The benchmark suite has four layers:

| Layer | Files | Purpose |
|---|---|---|
| Criterion measurements | `benches/workloads.rs`, `benches/ops.rs`, `benches/comparison.rs`, `benches/policy/*.rs` | statistically sampled latency and throughput |
| Console reports | `benches/reports.rs` | fast, readable tables without Criterion overhead |
| JSON artifact runner | `benches/runner.rs` | structured output for docs, charts, CI, historical comparison |
| Shared support crate | `bench-support/` | policy registry, workloads, metrics, JSON schema, doc renderer |

This split is deliberate. Criterion is good for micro-benchmark statistics; the
artifact runner is good for automation; console reports are good while tuning a
policy locally. No single binary is forced to serve every audience.

## Monomorphic Policy Registry

Benchmarks iterate policies through `for_each_policy!` in
[`bench-support/src/registry.rs`](../../bench-support/src/registry.rs):

```rust,ignore
for_each_policy! {
with |policy_id, display_name, make_cache| {
let mut cache = make_cache(CAPACITY);
// measured workload...
}
}
```

The macro expands to one block per concrete policy type. This avoids dynamic
dispatch in the measured loop while keeping policy iteration centralized.
`POLICIES` in the same module provides presentation metadata (stable id,
display name, chart color) for renderers and reports.

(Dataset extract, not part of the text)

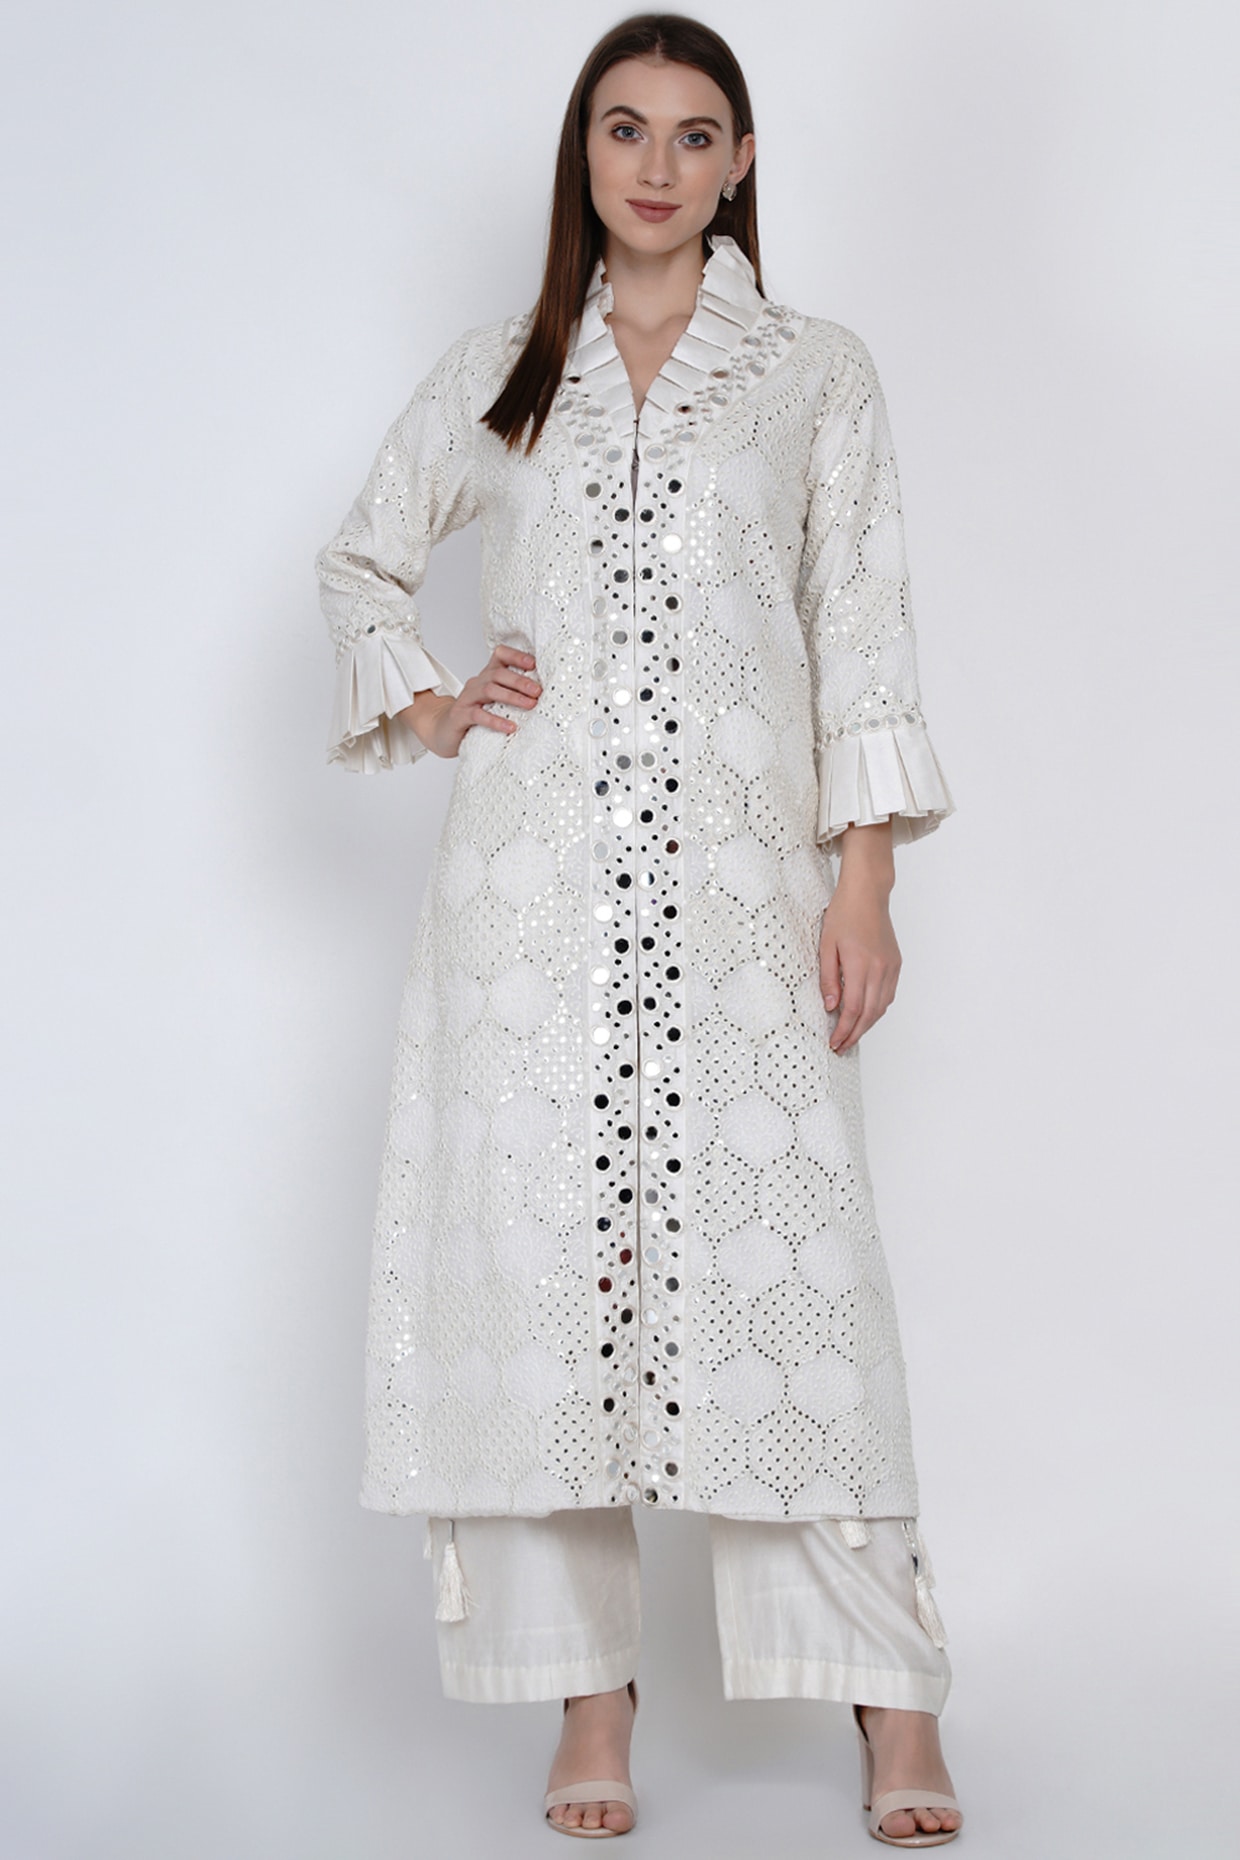 Ladies fashion banjara jackets-Vintage Embroidery Mirror| Alibaba.com

The trade-off is that adding a policy touches the macro and metadata table. A
test (`policies_metadata_matches_macro`) keeps the two from drifting. This is
the same explicit-boilerplate-over-magic choice as `DynCache`: more arms in
source, fewer surprises in hot code.

## Workload Registry

Workload definitions live in `bench-support/src/registry.rs`; generators live in
[`bench-support/src/workload.rs`](../../bench-support/src/workload.rs). The
current standard workloads cover:

- Uniform random keys for raw overhead baselines.
- Hot-set access for explicit skew.
- Sequential scan for scan-pollution stress.
- Zipfian and scrambled Zipfian for power-law access.
- Latest / recency-biased access.
- Shifting hotspots and flash crowds for adaptation.
- Composite scan-resistance mixes.

[`docs/benchmarks/workloads.md`](../benchmarks/workloads.md) is the catalog. It
also contains a large roadmap of workloads that should not be confused with
implemented cases. New workloads should land first in the support crate, then in
the docs, then in reports.

## Value Construction Discipline

`benches/runner.rs` pre-allocates one `Arc<u64>` per key in the universe and
passes a closure that returns `Arc::clone`:

```rust,ignore
fn preallocate_values() -> Vec<Arc<u64>> {
(0..UNIVERSE).map(Arc::new).collect()
}
```

The rule is: **do not allocate values inside the measured operation loop**.
Allocating on every miss makes the benchmark measure the allocator and value
constructor, not the policy. A cheap `Arc::clone` isolates hit/miss behaviour,
eviction order, and policy metadata overhead.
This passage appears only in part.